Your code could look like the following:
$variables = 40px 30px 20px 10px;
body {width: nth($variables, 1); margin: nth($variables, 2) + 10;}
It's not the same because list indexes can't be strings, so you haven't any way to name your variables.
2) Define a custom function. Look at Function Directives section in Sass reference
#function variables($variable_name) {
#if ($variable_name == 'variable1') {
#return 40px;
} #else if ($variable_name == 'variable2') {
#return 30px;
}
}
body {width: variables('variable_1'); margin: variables('variable_2') + 10;}
This way is less intuitive and uglier but you can 'name your variables'.
You could use the scss/sass map function:
#use "sass:map";
$variables: (
"variable1": ####;
"variable2": ####;
"variable3": ####;
"variable4": ####;
}
body {
width: map.get($variables, "variable1");
margin: map.get($variables, "variable2") + 10;
}
Documentation
You can use SASS lists a it's related functions on a way similar to that:
// List order: top, bottom, left, right, width, height, ...
$Header: 10px,auto,10px,auto,100%,50px;
$Footer: auto,0px,0px,auto,100%,20px;
#function getVar($variable,$name:top){
$var_index:1;
#if $name==bottom {
$var_index:2;
} #else if $name==left {
$var_index:3;
}
// Continue de if else for each property you want.

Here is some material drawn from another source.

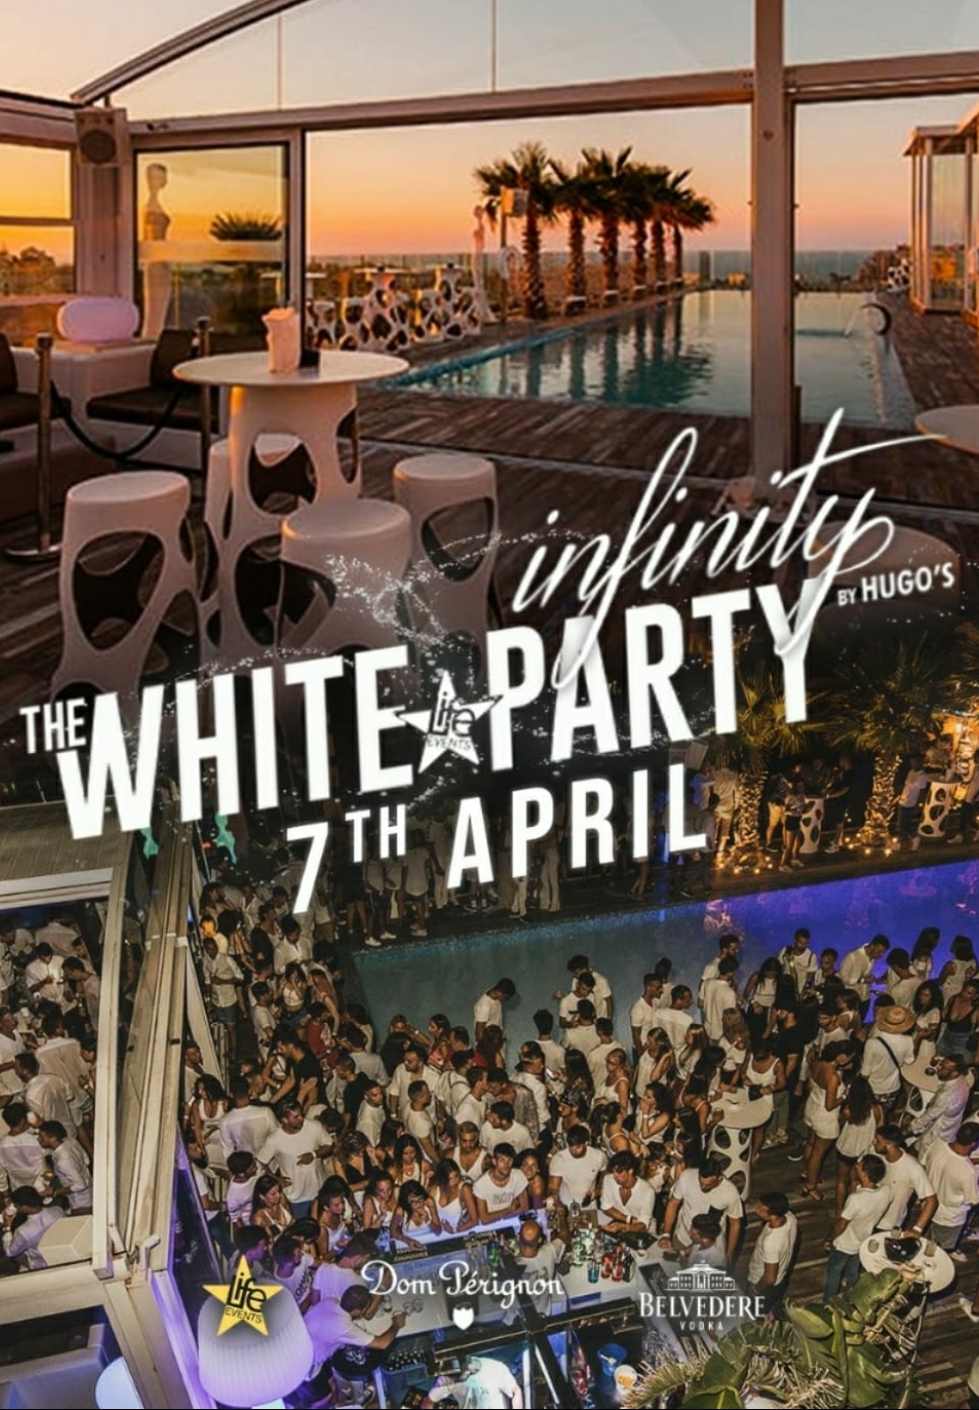 The White Party Infinity by Hugo's poster

return nth($variable,$var_index);
}
That way calling something like:
getVar($Header,left)
Should return the value of the left property for the list of Header, but changing it to getVar($Footer,top) would return the value for the top property of the "Footer Group" (Footer List of Values).
That works for the time of using the values, but a the definition, you must follow the exact order and cannot leave any empty value, the nearest to an empty value that I found is #{''} what means "Empty String with no quotes", an empty value, but is added to the CSS.